Synchronous Processors (2016)
yodaiken.comThis article would make more sense if it had the result of a simulation of a workload showing how much time was lost to interrupt latency and how much processor time could be saved by a different technique.
The Transputer and its successors, the XMOS embedded SoCs, already implement a lot of the features mentioned in this blog post by Yodaiken.
…and the subject should have “(2016)” added…
Fixed.
And how would you do context switches if a CPU-bound task does not yield and you do not have interrupts to ... interrupt ... that?
The article says this about it:
> We could have a simple cycle timer switch on each core so that after the timer expires there an interrupt-like jump to a function to see what to do next. That jump would be perfectly synchronous since predicting the next jump can be done with 100% accuracy (or nearly 100%).
Cycle accurate? So now you can predict how long RAM latency is down to the cycle, refreshes and DMA be damned?
Interrupt like? So what will you do? save context of this thread, load another...hm...sure sounds like what we already do
In other words a timer interrupt - with saving of state and appropriate unwinding of pipeline state (abandoning half done or out of order instructions etc etc)
Also the "do system calls by queuing requests to another CPU" is kind of at odds with "we don't need cache coherency"
Not necessarily; it's an interesting idea. Thanks to the branch predictor the CPU already has a virtual view of the instruction stream. If we tolerate a bit of latency, all we have to do is inject a "jump to ISR" magic instruction in the predicted stream. Rather like self-modifying code, except without modifying the code in memory, just at the instruction fetch point. State still has to be saved but that can be done with PUSH instructions in the ISR.
> Also the "do system calls by queuing requests to another CPU" is kind of at odds with "we don't need cache coherency"
Can be done with mailboxes/FIFOs, but yes this requires a dedicated design. And of course the CPU that does the call is then idle I think?
Good explanation of my overly terse note. The current standard interrupt architecture imposes enormous latency and the synchronous timer could be more precise. The simplest implementation would just "fetch" jmp every N instructions (with N programmable) - just like voluntary switching but where the processor would volunteer the program.
You still need to save the PC and have a place to save it ....

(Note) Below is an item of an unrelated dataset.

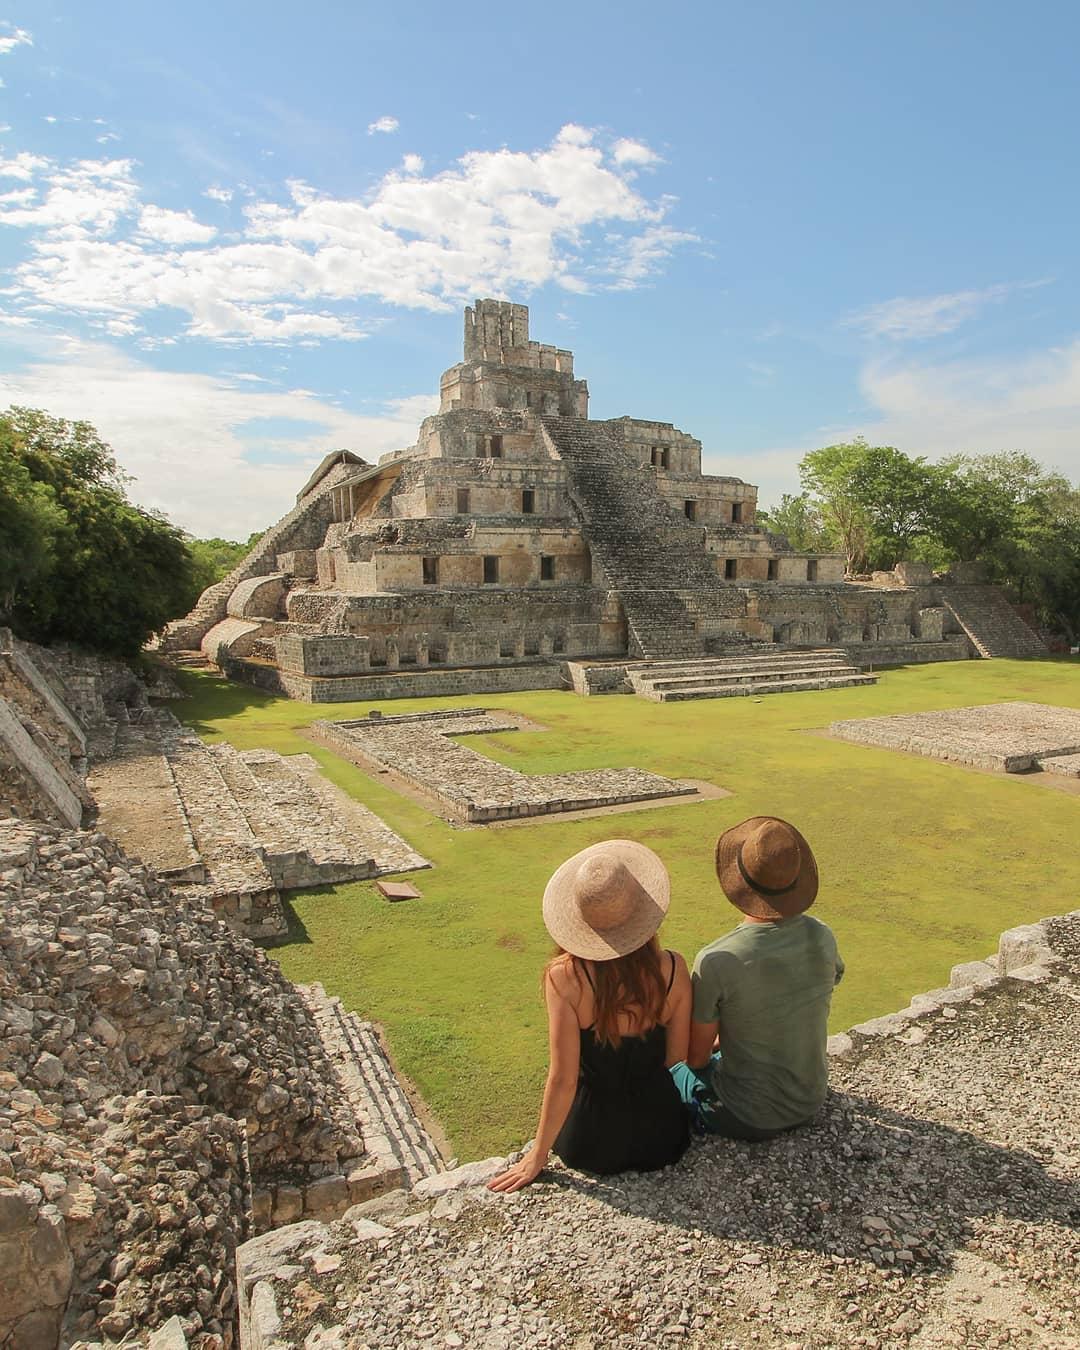 Zona arqueologica Edzna Campeche ruinas en campeche top yucatan

One approach is to use a barrel processor which switches threads after each cycle or instruction: https://en.m.wikipedia.org/wiki/Barrel_processor
That does not solve the problem at all. It just increases the number of "hyper threads", if a new process gets started and all cores are busy that process might never run.
It solves the problem for environments where problems like interrupt latency and timing criticality usually show up - embedded and real-time systems. In many systems, the set of running tasks in a system is fixed - there are even some very simple real-time operating systems (such as some OSEK configurations in the automotive sector) which require to statically define the set of tasks at compile time. After all, you don't suddenly feel the urge to start a game of Doom on your car's ABS controller :) (though, of course, somebody will try to do this...).
The (early) XMOS chips, for example, run at 500 MHz with four threads or, if you needed more threads, you could also configure the system to run eight threads at half the speed IIRC. If you used e.g. three threads, some execution time remained unused in the four-thread mode, there was no arbitrary division of time by the number of threads.
For real-time critical systems, you could then still run up to seven critical threads at guaranteed speed and reserve the remaining one for non timing-critical tasks (which you could then to schedule using cooperative multitasking).
The RAM was a fast on-chip SRAM, so there were no problems with refresh, access latencies etc. that you have with DRAM. However, you were constrained to 64 kB RAM per core (probably not enough to run Doom...).
The XMOS development toolchain even includes a real-time analyzer for the C/C++ code you throw at it. Unfortunately, most of the XMOS toolchain is closed source.
thread state is just a bit of memory.
What if you have multiple CPUs and you don't want the task to yield (i.e. for performance or latency reasons)?
That limits your OS to numThreads < numCpus
What if we have multiple classes of threads with varying scheduling and interruption policies?
Either you have interrupts to interrupt them, you have more cores than threads, or you risk starvation. Simple.
No opportunity for nuance wherein some of the compute resources are reserved for certain types of threads?